The European Union has hit back at the U.S. by introducing new tariffs on American goods worth up to 26 billion euros ($28 billion). This response comes just hours after the Trump administration raised tariffs on steel and aluminum imports to 25%, escalating the ongoing trade tension.
The EU had prepared for the move, but the new tariffs still worsen an already strained relationship across the Atlantic. Just last month, the U.S. had warned Europe that it would have to handle its own security in the future.
The EU’s new duties aren’t limited to steel and aluminum. They will also target American products like motorcycles, bourbon, peanut butter, jeans, textiles, home appliances, and agricultural goods. The tariffs focus on products from key U.S. states, including beef and poultry from Kansas and Nebraska, and wood products from Alabama and Georgia. Even Illinois, the top soybean producer, is affected noted The Associated Press.
The spirits industry is one of the hardest-hit sectors. Chris Swonger, president of the Distilled Spirits Council, said the EU’s move would “severely undercut” efforts to rebuild U.S. whiskey exports, which had surged by 60% in the past three years after previous tariffs were lifted.
European Commission President Ursula von der Leyen made it clear that the EU is open to negotiations. “We will always remain open to negotiation,” she said. “But tariffs are taxes, and they’re bad for business.” Von der Leyen warned that tariffs would hurt jobs, raise prices, and disrupt supply chains on both sides of the Atlantic.
Trump’s reasoning for the tariffs was to create more U.S. factory jobs, but von der Leyen argued that they will hurt consumers and businesses, leading to higher prices and uncertainty in the economy.
The American Chamber of Commerce to the EU expressed concern, saying the tariffs will damage jobs, prosperity, and security on both sides. They urged both the U.S. and the EU to de-escalate and work out a negotiated solution.
During his first term, Trump also imposed tariffs on EU steel and aluminum, leading to similar retaliatory measures from Europe. Now, the EU’s new countermeasures will be rolled out in two phases: first, on April 1, the EU will reintroduce tariffs that were suspended under the Biden administration.
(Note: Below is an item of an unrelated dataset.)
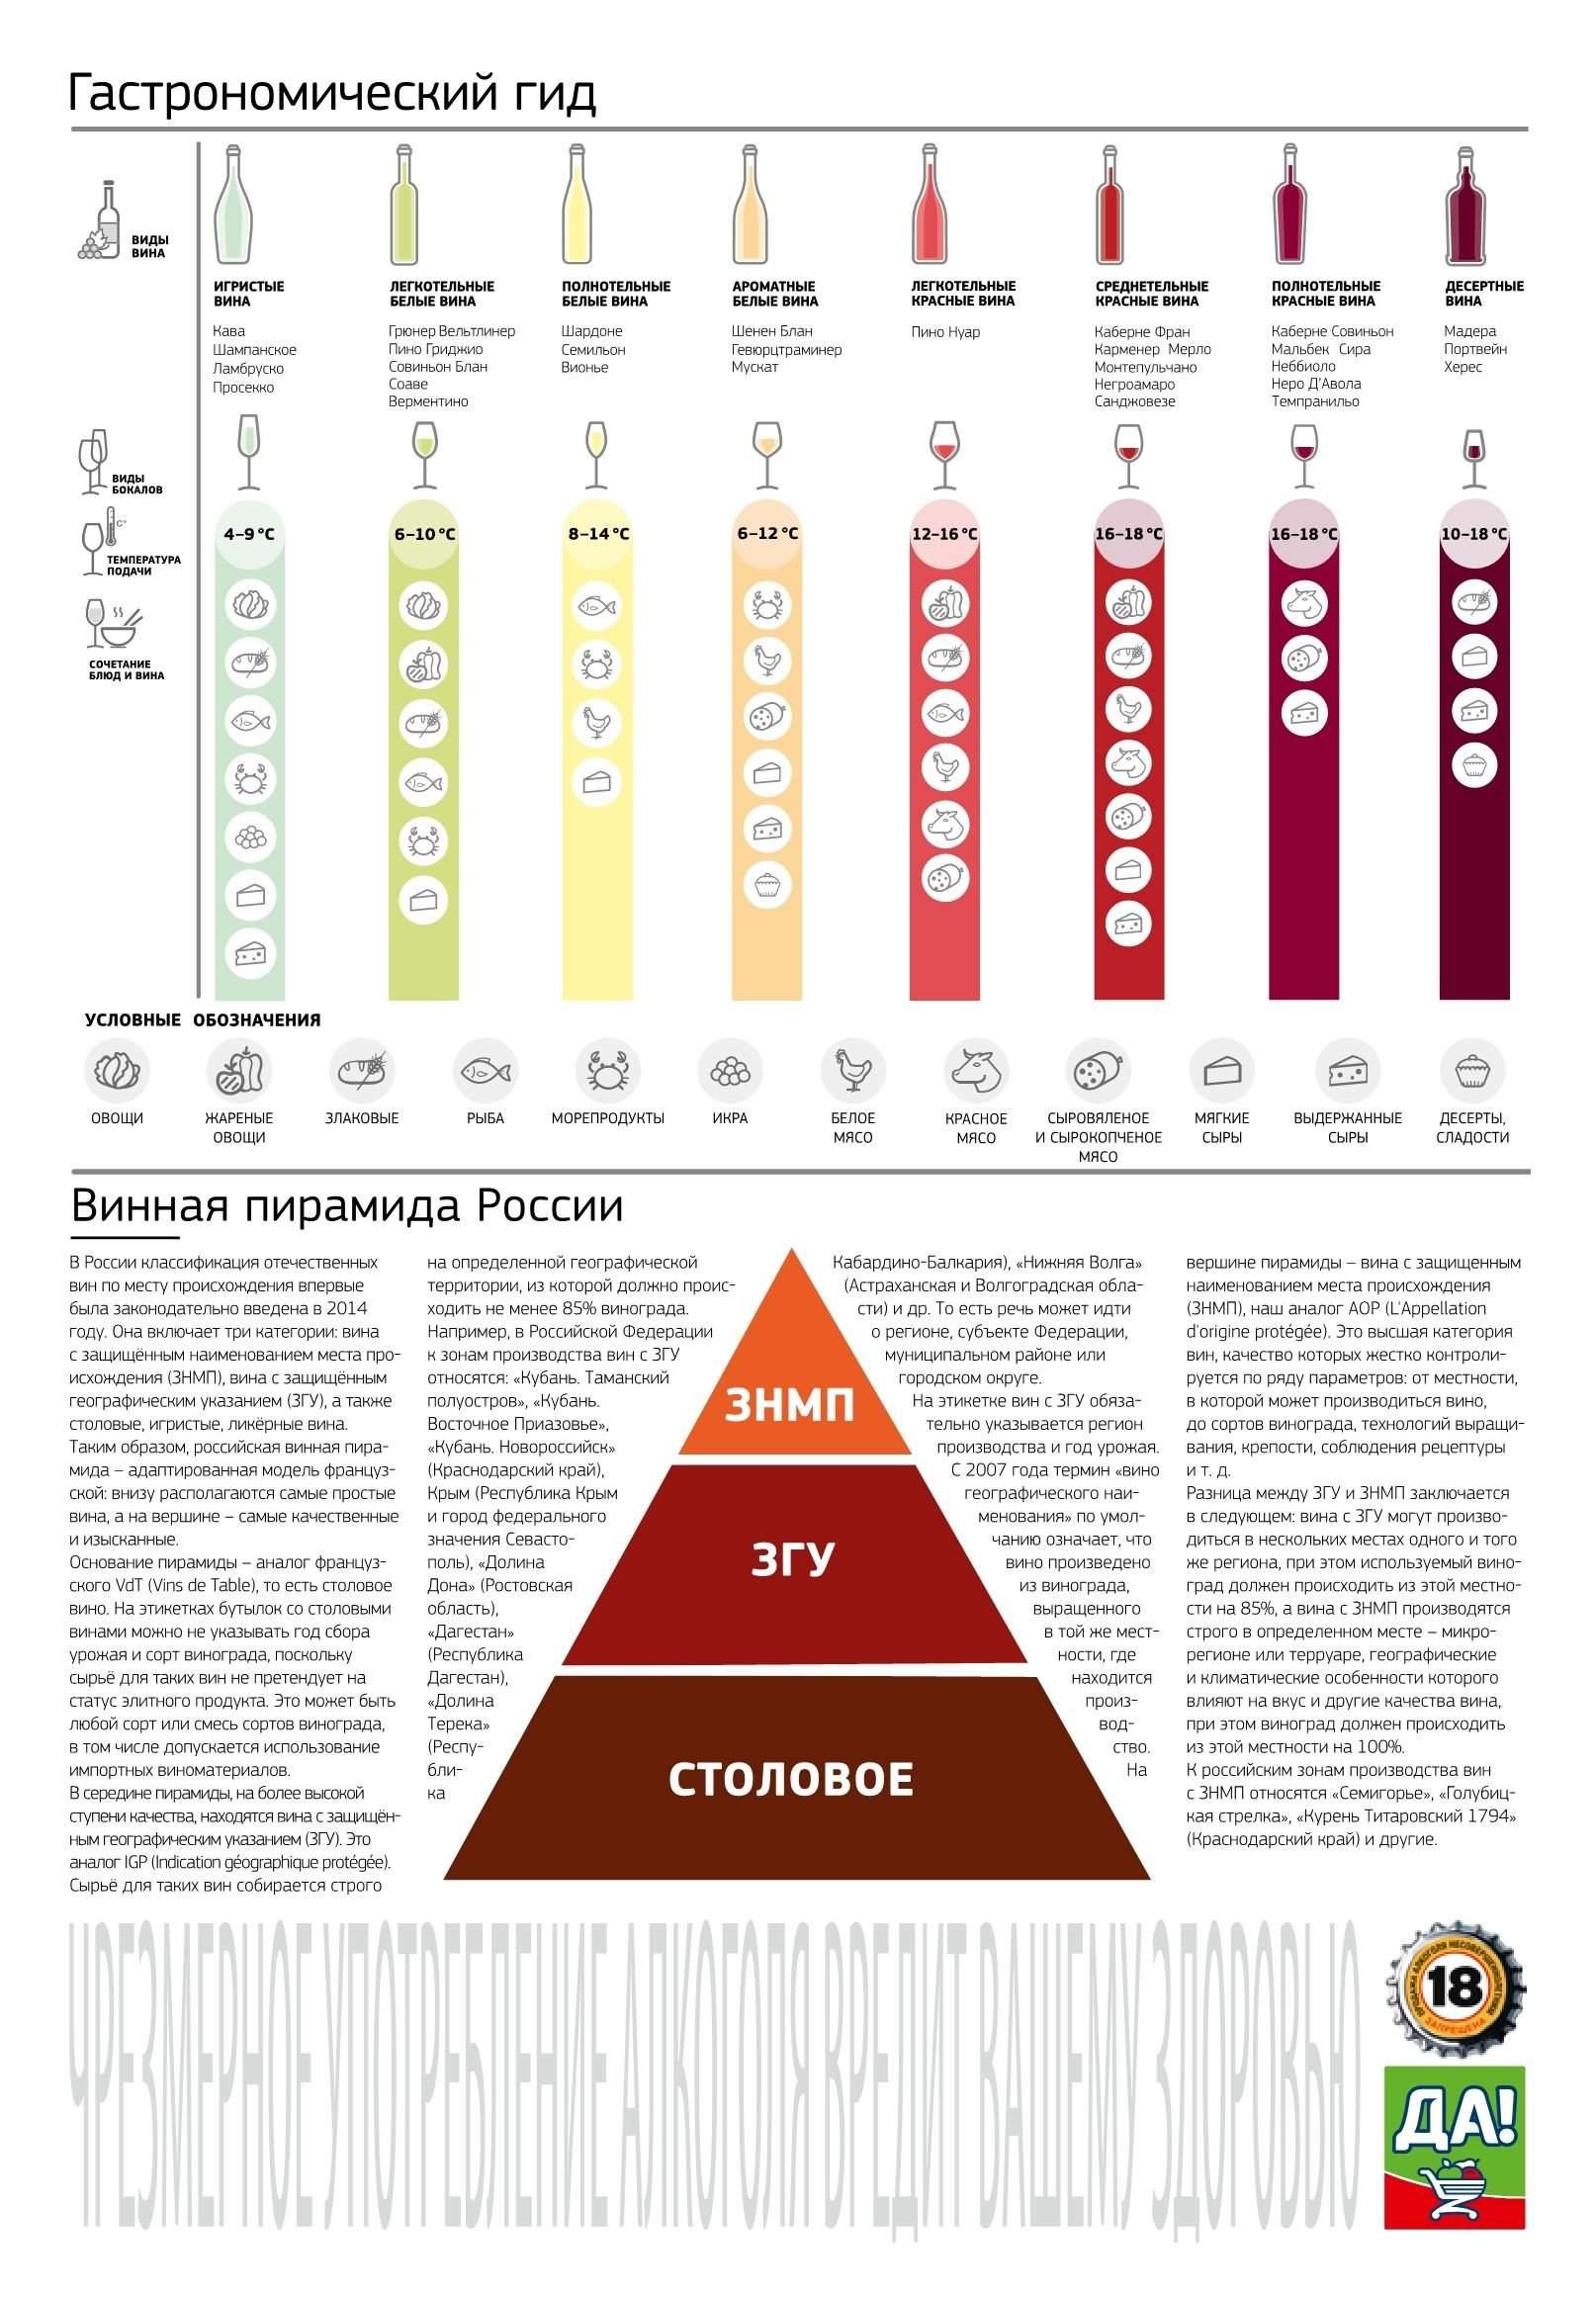 Виды вин: подробная классификация

Then, on April 13, additional duties will target $19.6 billion worth of U.S. exports.
EU Trade Commissioner Maroš Šefčovič recently traveled to Washington in an attempt to prevent the tariffs, but he noted that it became clear that “the EU is not the problem.” He emphasized that the EU had tried to avoid the additional tariffs, but said it takes both sides to work out an agreement.
The European steel industry is particularly concerned, as it could lose up to 3.7 million tons of exports to the U.S. The U.S. is the second-largest market for EU steel, making up 16% of all EU steel exports.
Trade between the EU and the U.S. is worth about $1.5 trillion annually, representing around 30% of global trade. While the EU has a significant surplus in goods, it is somewhat offset by the U.S. surplus in services trade.